If there is one thing that the Japanese like to do, it is to over-engineer things. The epitome of this has to be the Japanese loo: The Araki has one of the finest examples I have come across outside of Japan. Not only does it warm your cheeks, but it squirts little cleaning jets, both front and back. Why? Who knows. It is fun, and I would have stayed for hours, playing with the vast array of buttons, but for the fact that we were at the first sitting and they wanted us out.
The reason for mentioning this, other than that I find the whole Japanese obsession with loos quite fun, is that the restaurant and food served are the exact opposite. The room, a long, pale wooden counter that serves as place mat and plate in front of a long, pale wooden work-surface, interrupted only by a stainless steel sink at either end, is effortlessly simple. The fridges are out of sight, the beautiful serving bowls hide behind pale wooden doors; no door handles, a simple push to open.

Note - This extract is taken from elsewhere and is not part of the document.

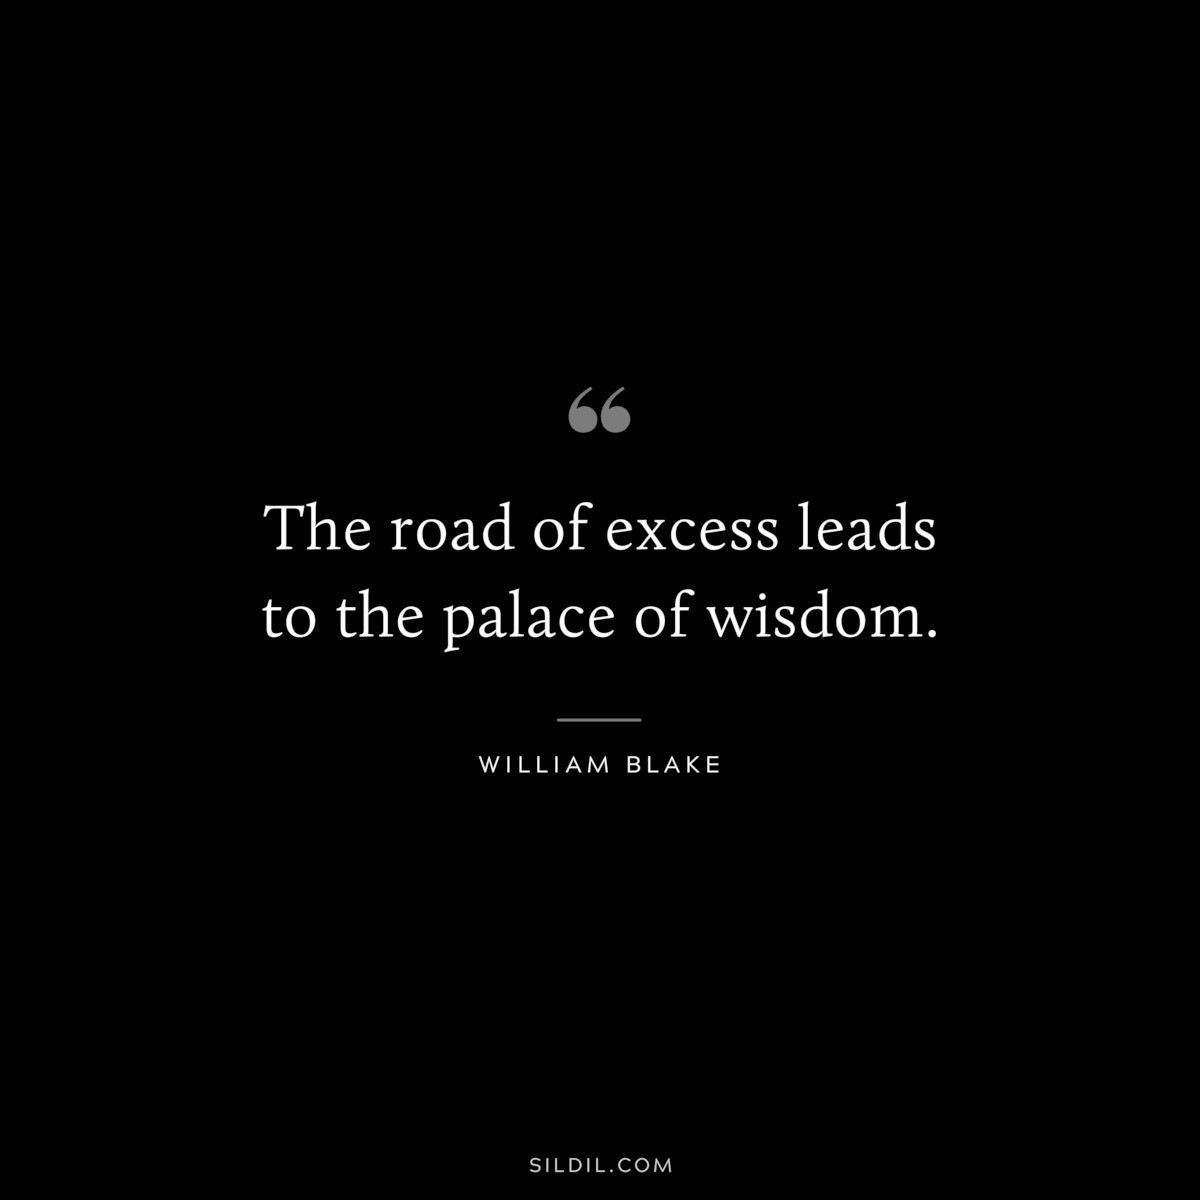 The road of excess leads to the palace of wisdom. ― William Blake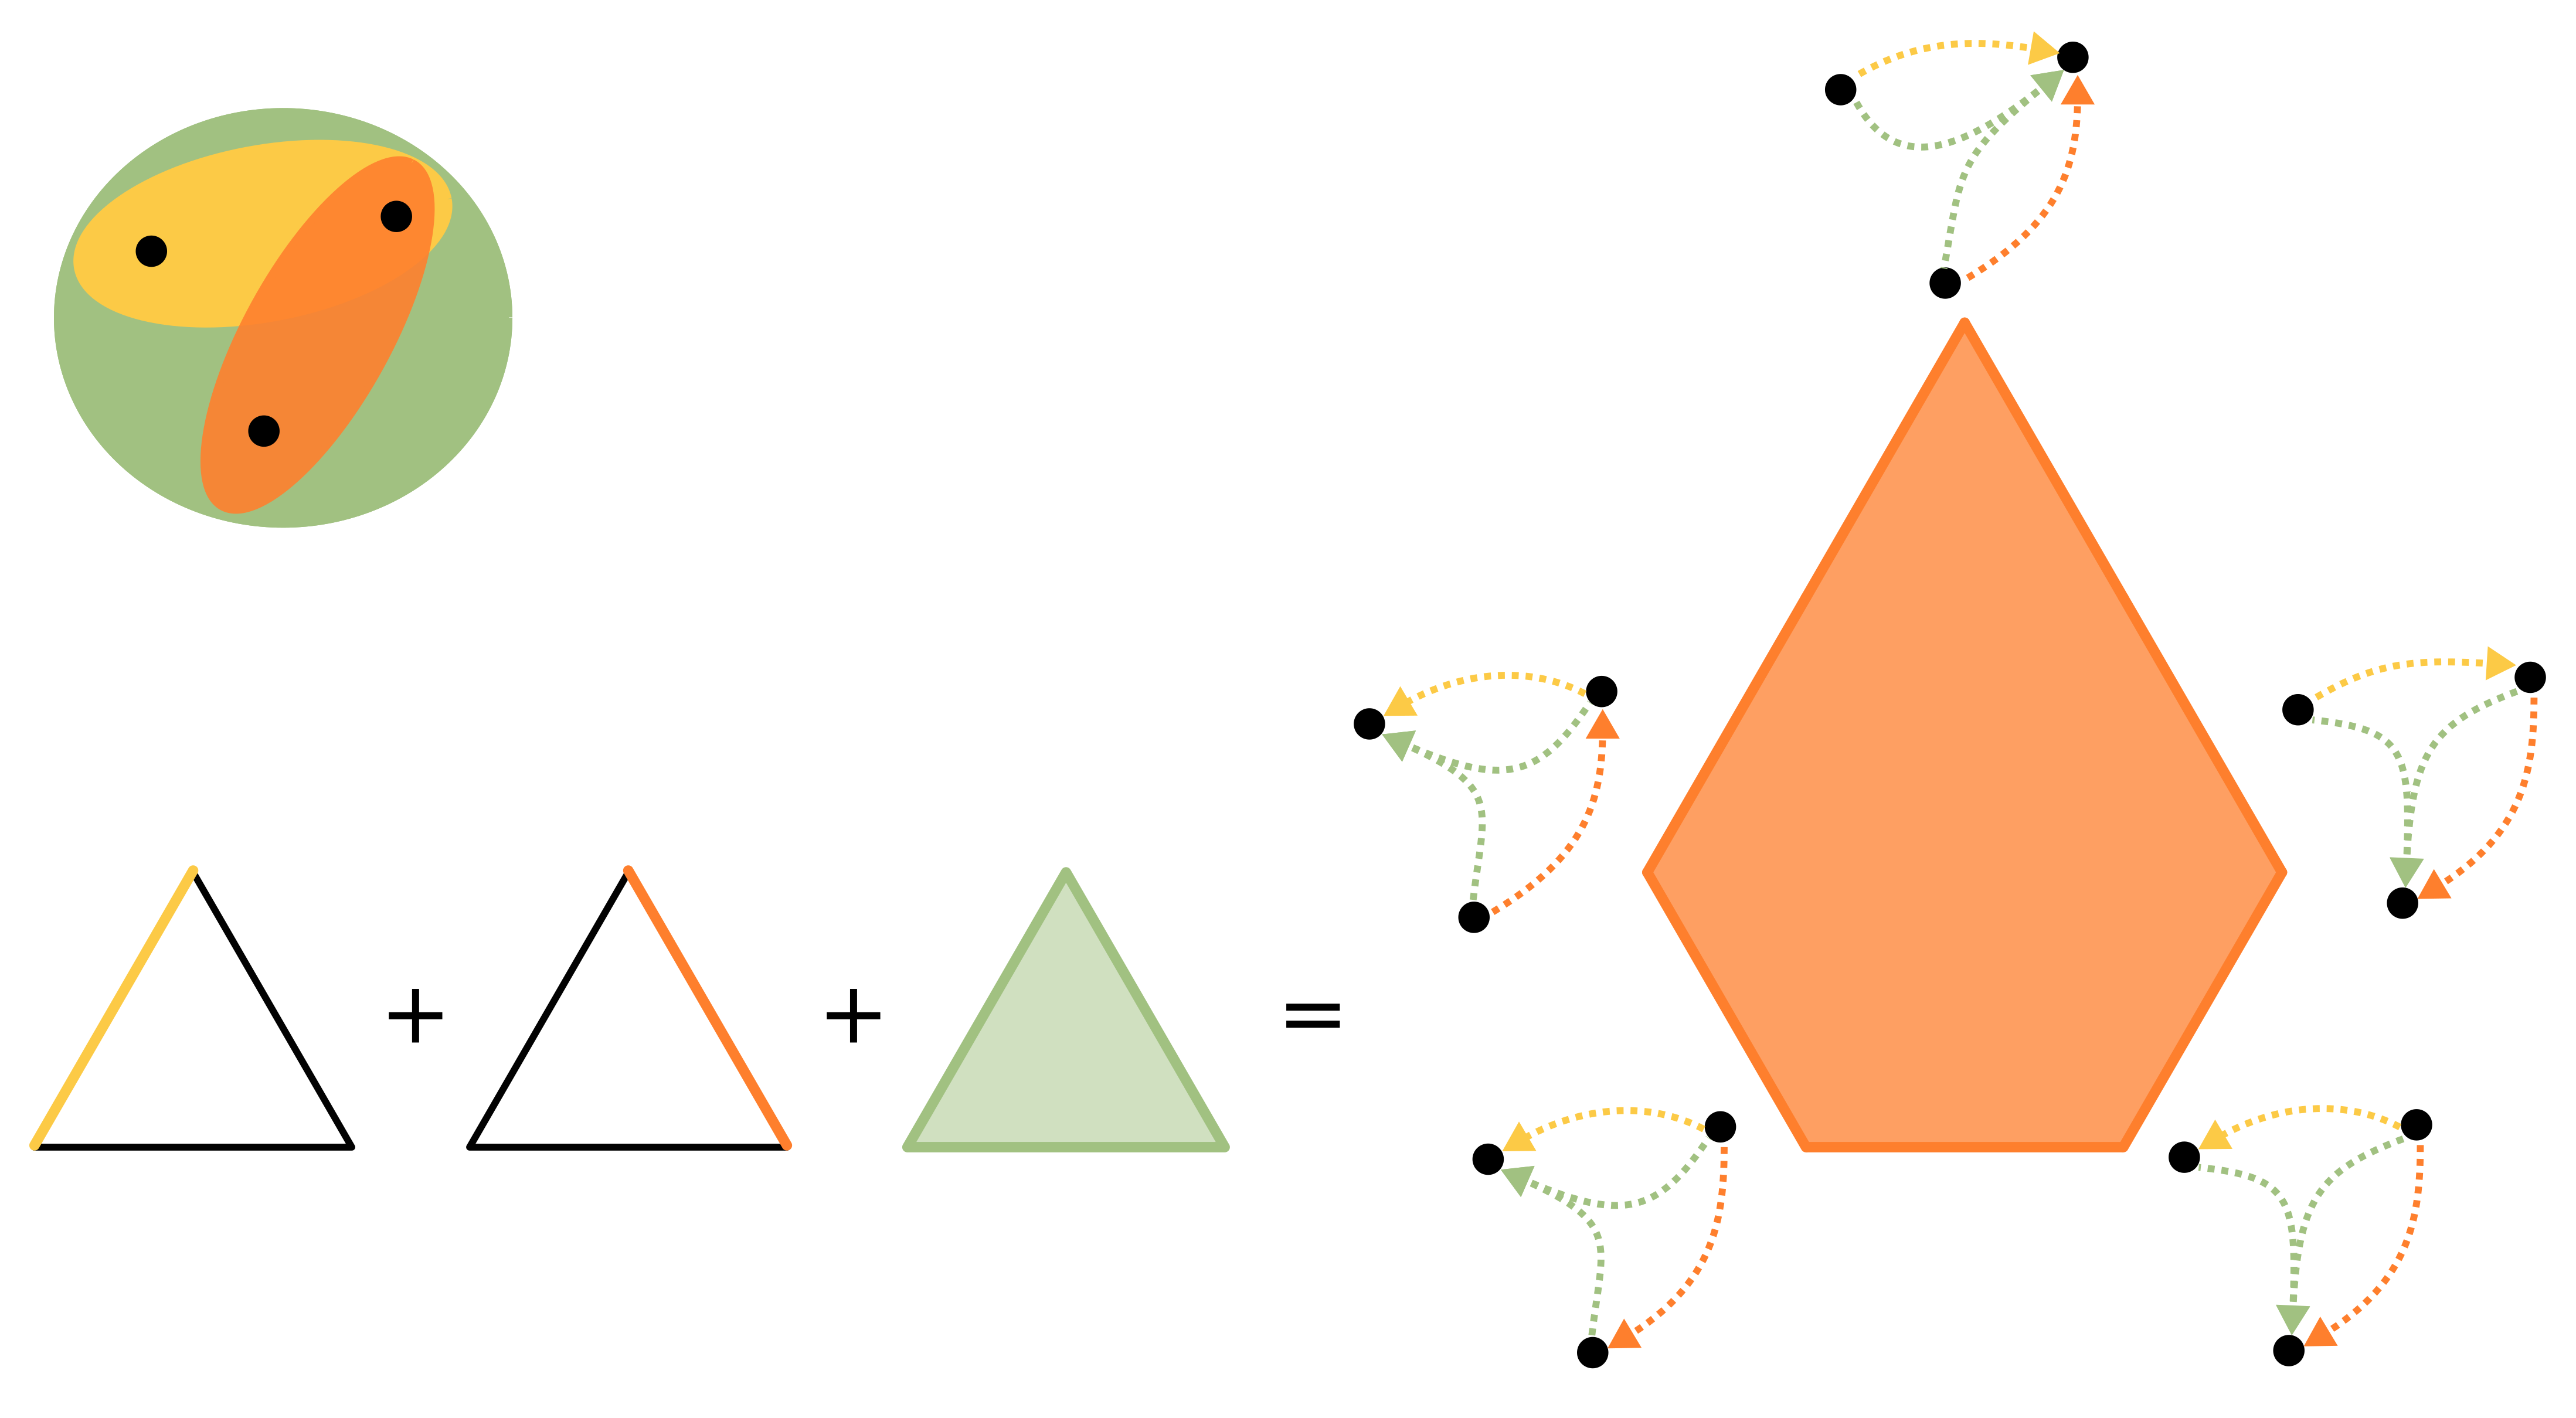 hypergraphic polytope as the Minkowski sum of simplizes and convex hull of acyclic orientations

The food too is simple: a clear fish broth with a few strands of yuzu; simply grilled abalone with an egg wash; tuna tartare; and sushi. Lots of sushi: four types of tuna, from the darkest maguro to the softest, most melting oo-toro; marinated salmon; turbot. Each one atop the most perfect of sushi rice. OK, so maybe "simple" is an understatement: any dish that, between the eight of us sat at the counter, uses a white truffle the size of my fist, is hardly "simple", but each dish is but a few, utterly fresh, utterly perfect ingredients working in total harmony.
There is no choice (although, should you not like an ingredient, you will instantly be offered an alternative), but then everything is being cut, cooked and assembled in front of you by the master himself, with the aid of but a single acolyte.
Much has been made of the price, but with only two sittings per evening of a maximum of nine covers (of which only eight were taken when we were there), mountains of white truffle, caviar, oo-toro and one member of staff per person, it is going to be expensive. Which begs the question: is it worth it?
Well it is certainly cheaper than flying to Japan, which is the nearest that you will get to anything of this quality. And that is the point; there are many "Japanese" restaurants in London. Some are good, some are bad, some are modern, some traditional. This is like no other restaurant in London: it isn't so much a Japanese restaurant, but Japan transported to London, with one of the greatest living proponents of the sushi master's art donning the apron.
If you can spare the £300 a head (without drinks or a 15% service charge), I would advise grabbing a seat now whilst it is (almost) possible to get one. Come September when the Michelin stars come out, Araki will get at least a couple of the three he had in Tokyo (if not all three), and the star chasers will arrive, chasing away the Japanese who we were lucky enough to share the counter with.